Give back the whole listing verbatim, printing none of its pictures.
(Beginning of MATERIAL PROVIDED)
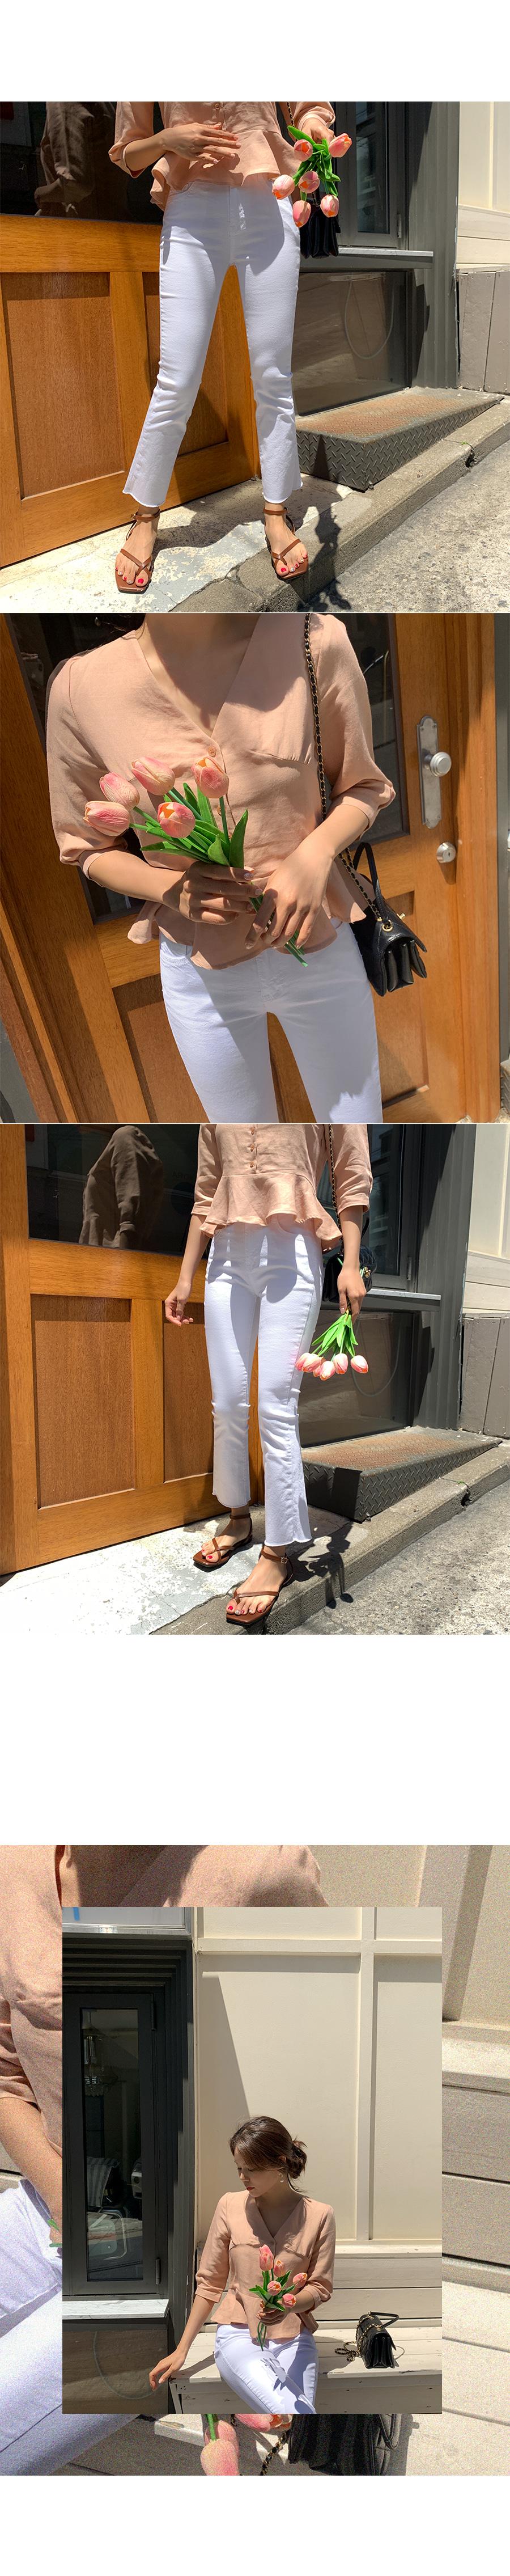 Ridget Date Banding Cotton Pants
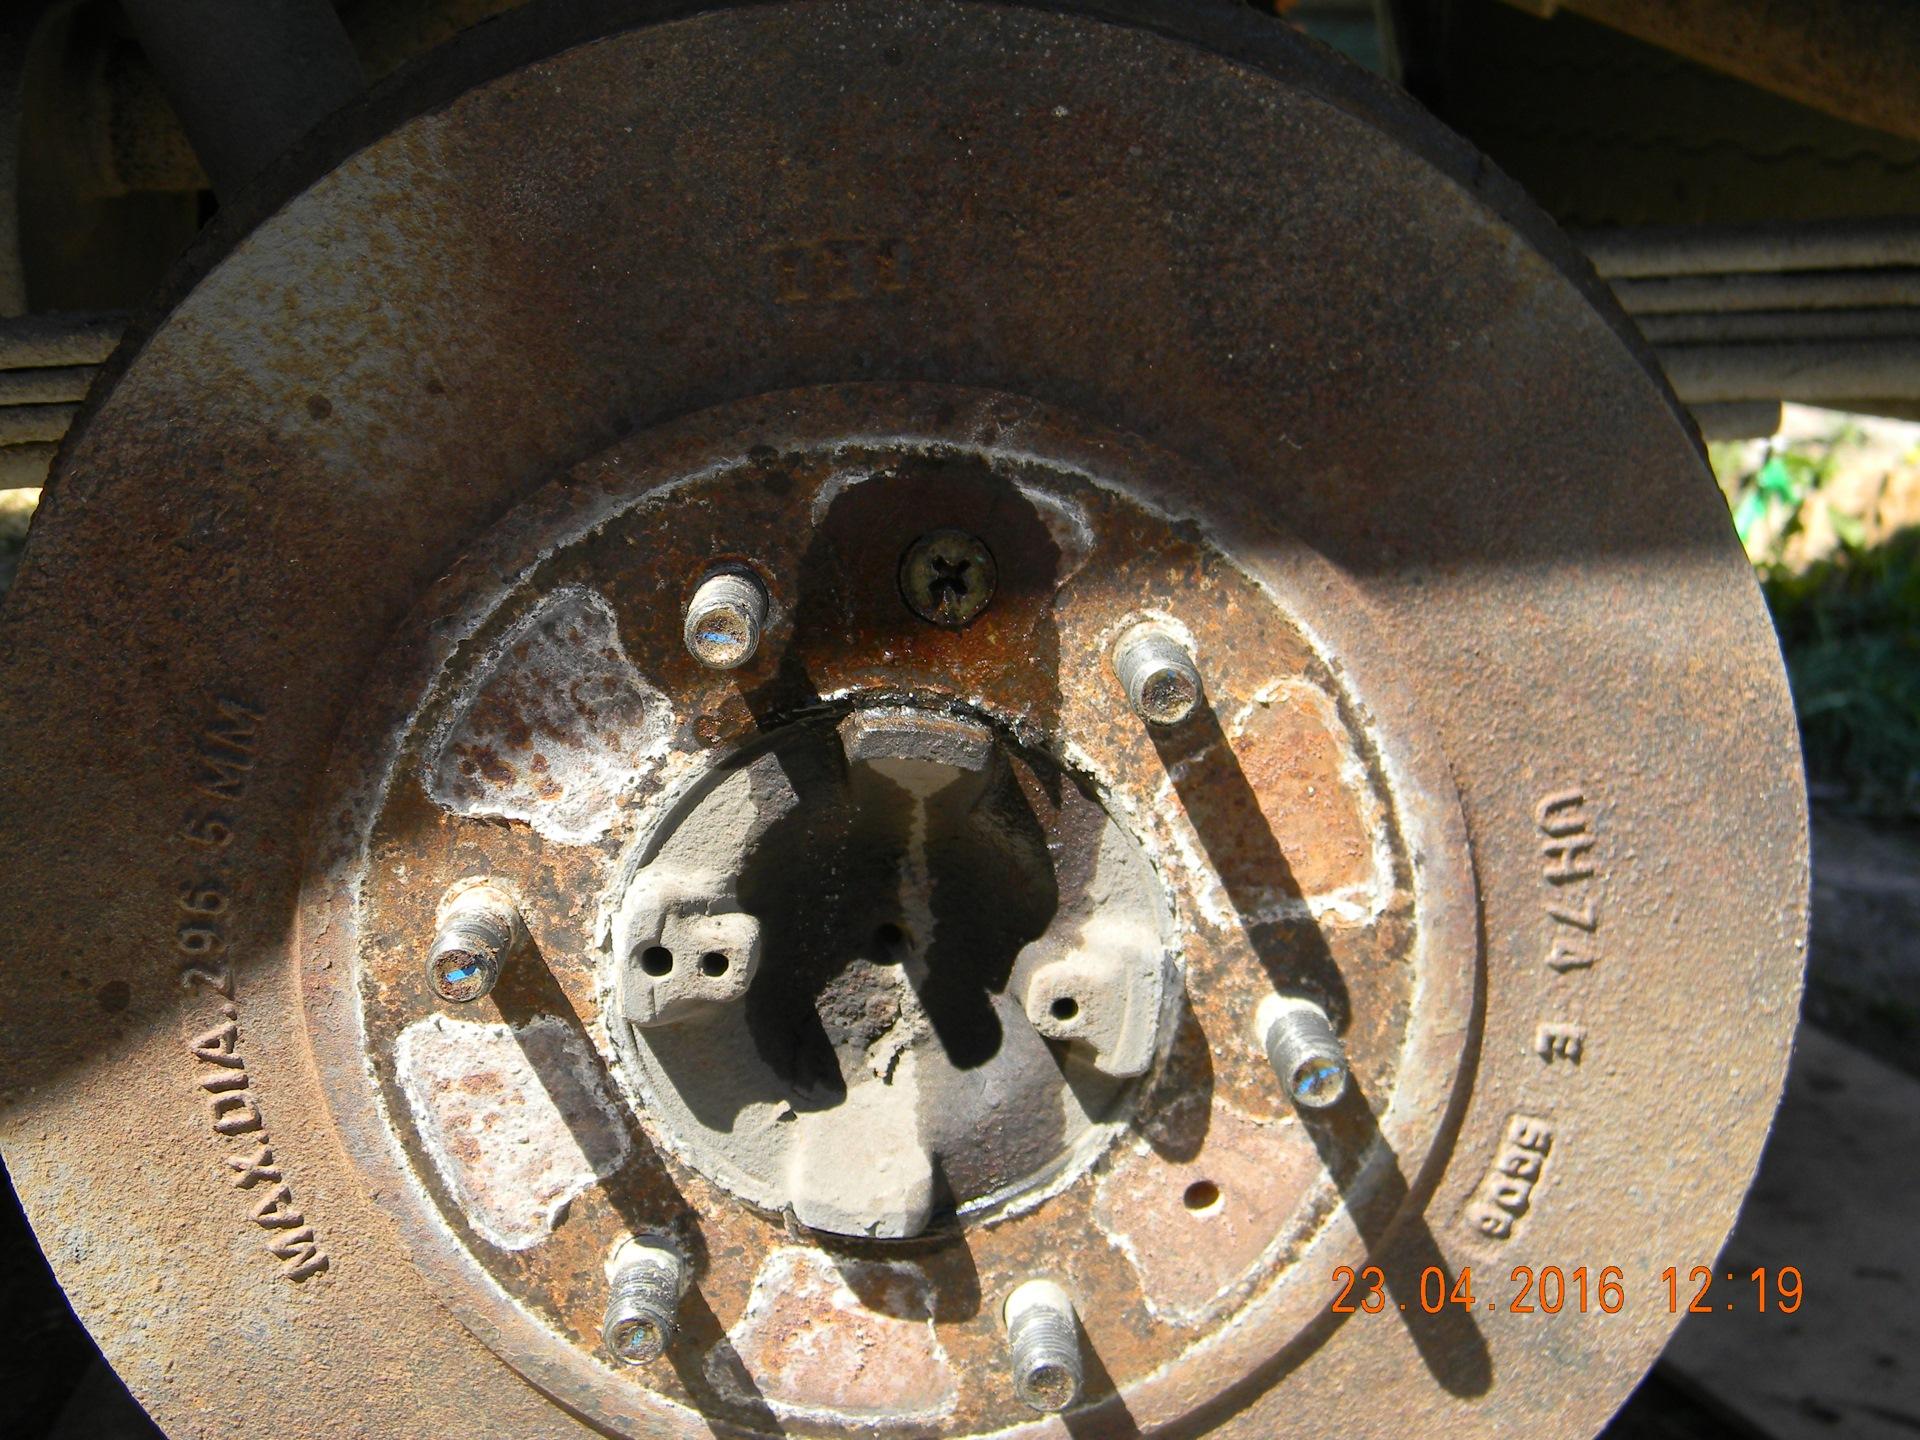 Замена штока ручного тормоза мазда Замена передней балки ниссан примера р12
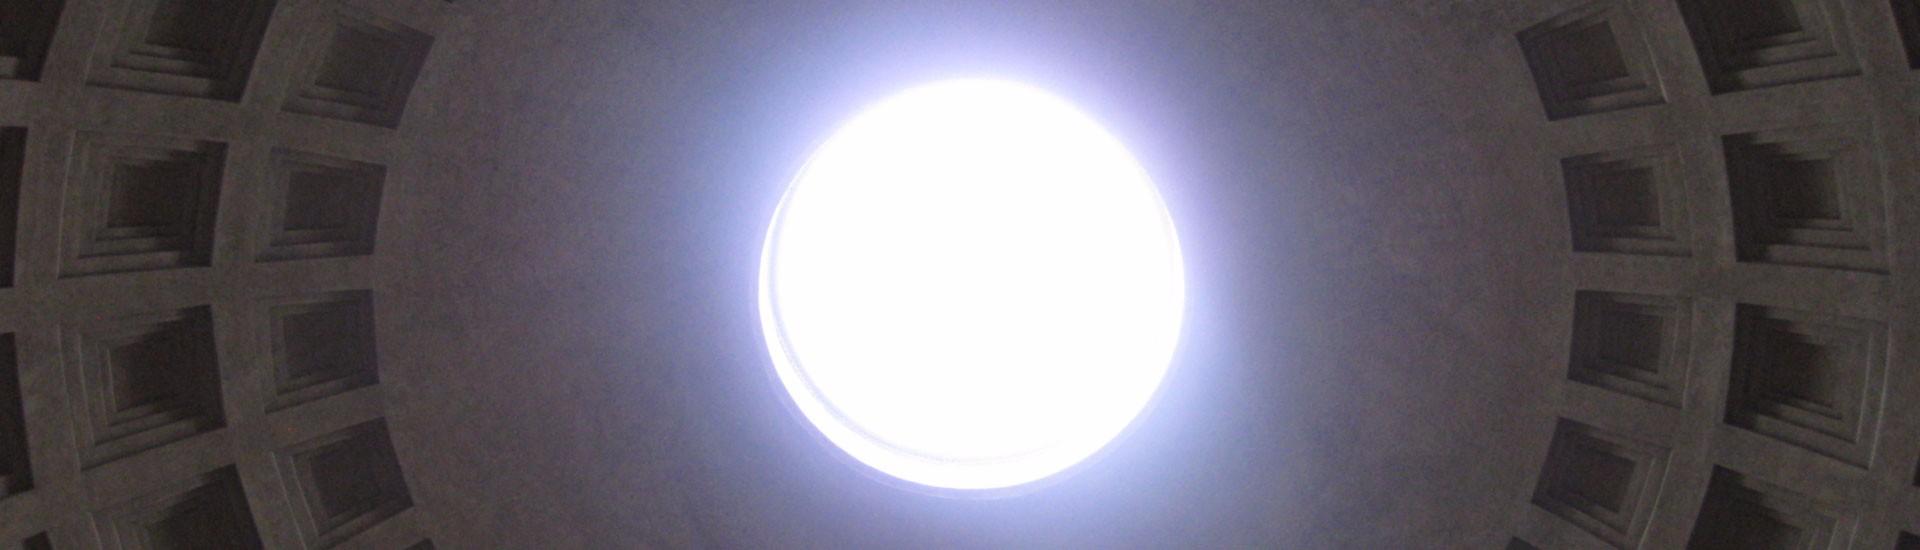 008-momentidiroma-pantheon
(End of MATERIAL PROVIDED)
FINISHED TASK:
 Ridget Date Banding Cotton Pants
 Замена штока ручного тормоза мазда Замена передней балки ниссан примера р12
 008-momentidiroma-pantheon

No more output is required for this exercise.